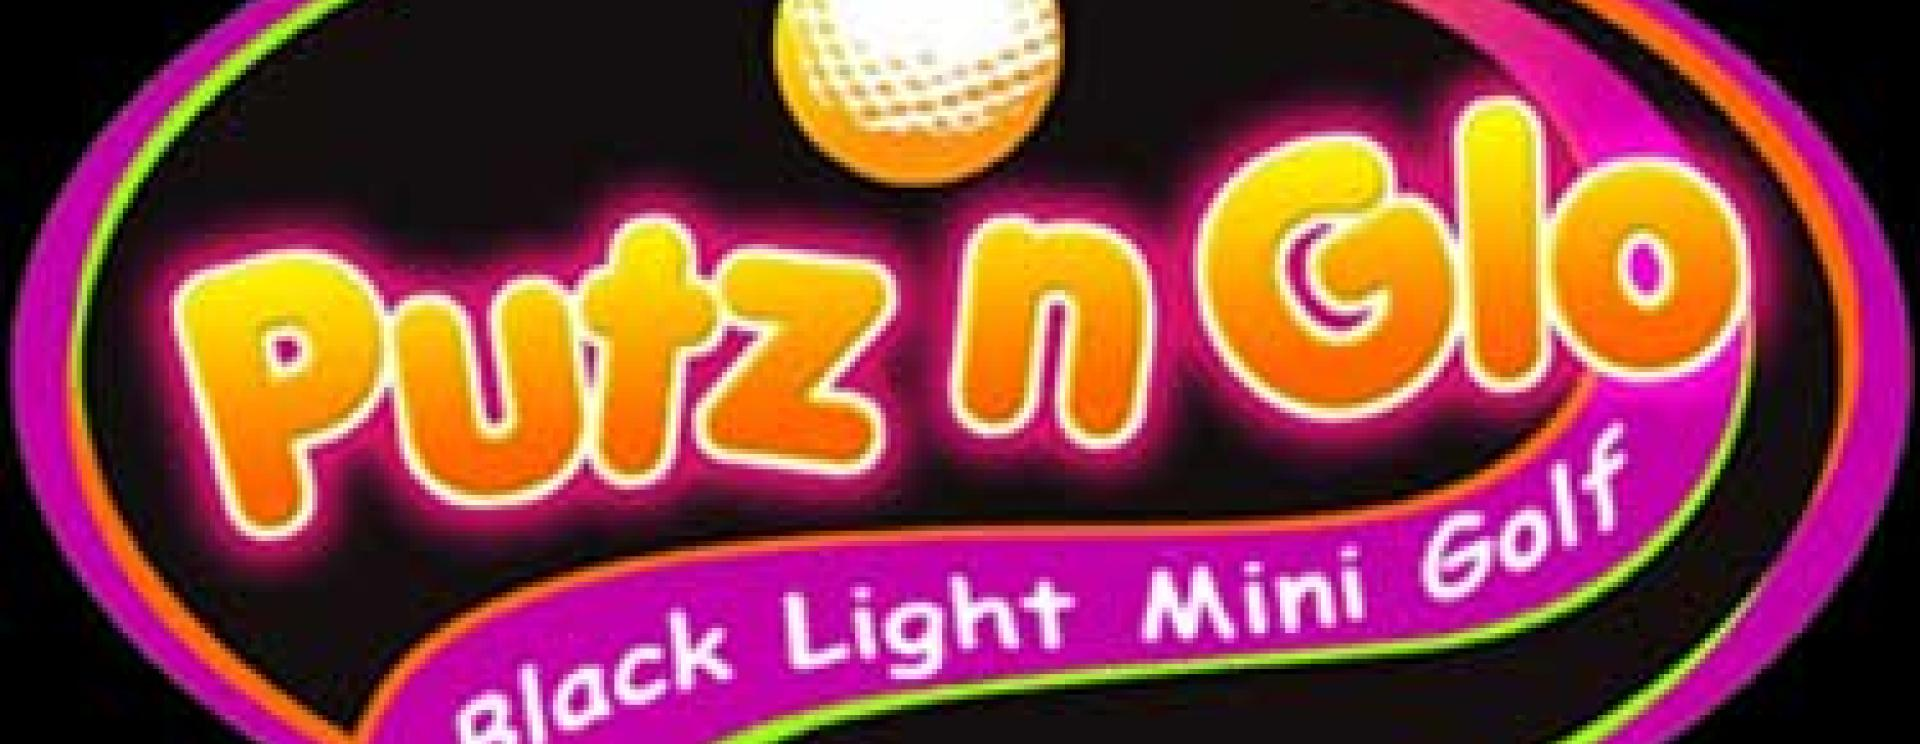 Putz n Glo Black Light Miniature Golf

==

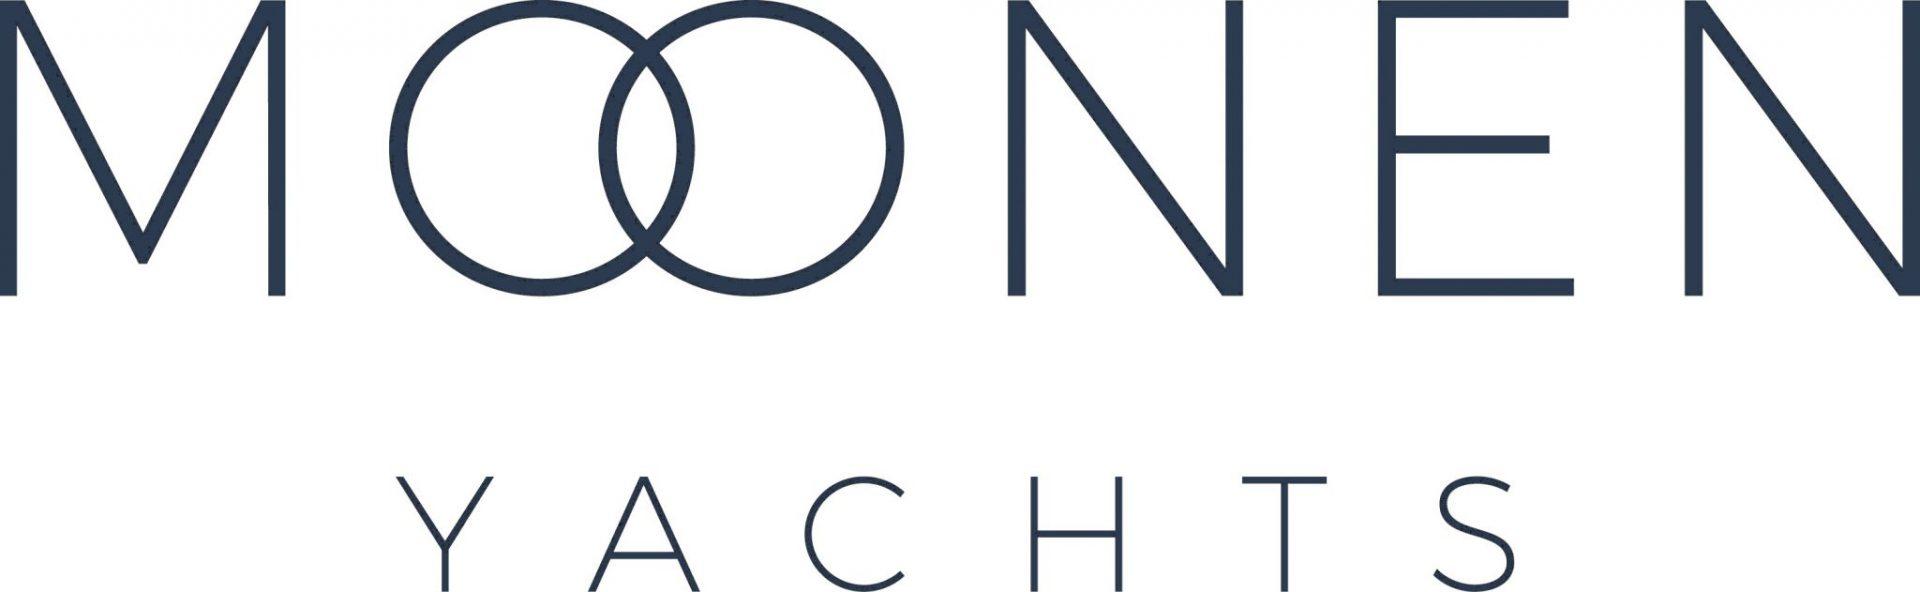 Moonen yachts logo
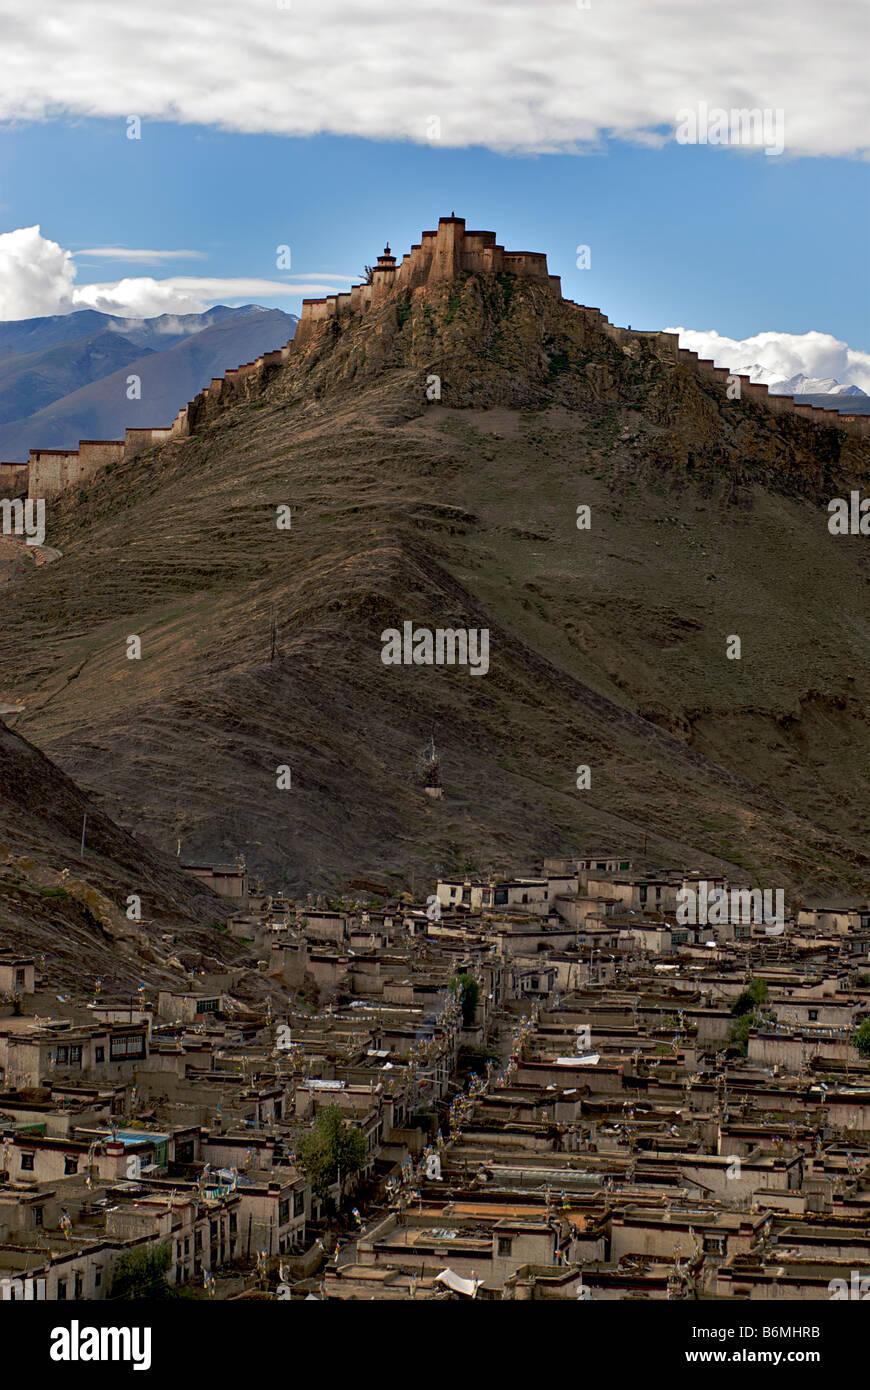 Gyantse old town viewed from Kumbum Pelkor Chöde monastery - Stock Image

• EXERCISE DESCRIPTION:
Starting at the line containing "Moonen yachts logo" and finishing at the line containing "Gyantse old town", return those lines exactly as they appear above, without the pictures.

• RESULT OF THE TASK:
 Moonen yachts logo
 Gyantse old town viewed from Kumbum Pelkor Chöde monastery - Stock Image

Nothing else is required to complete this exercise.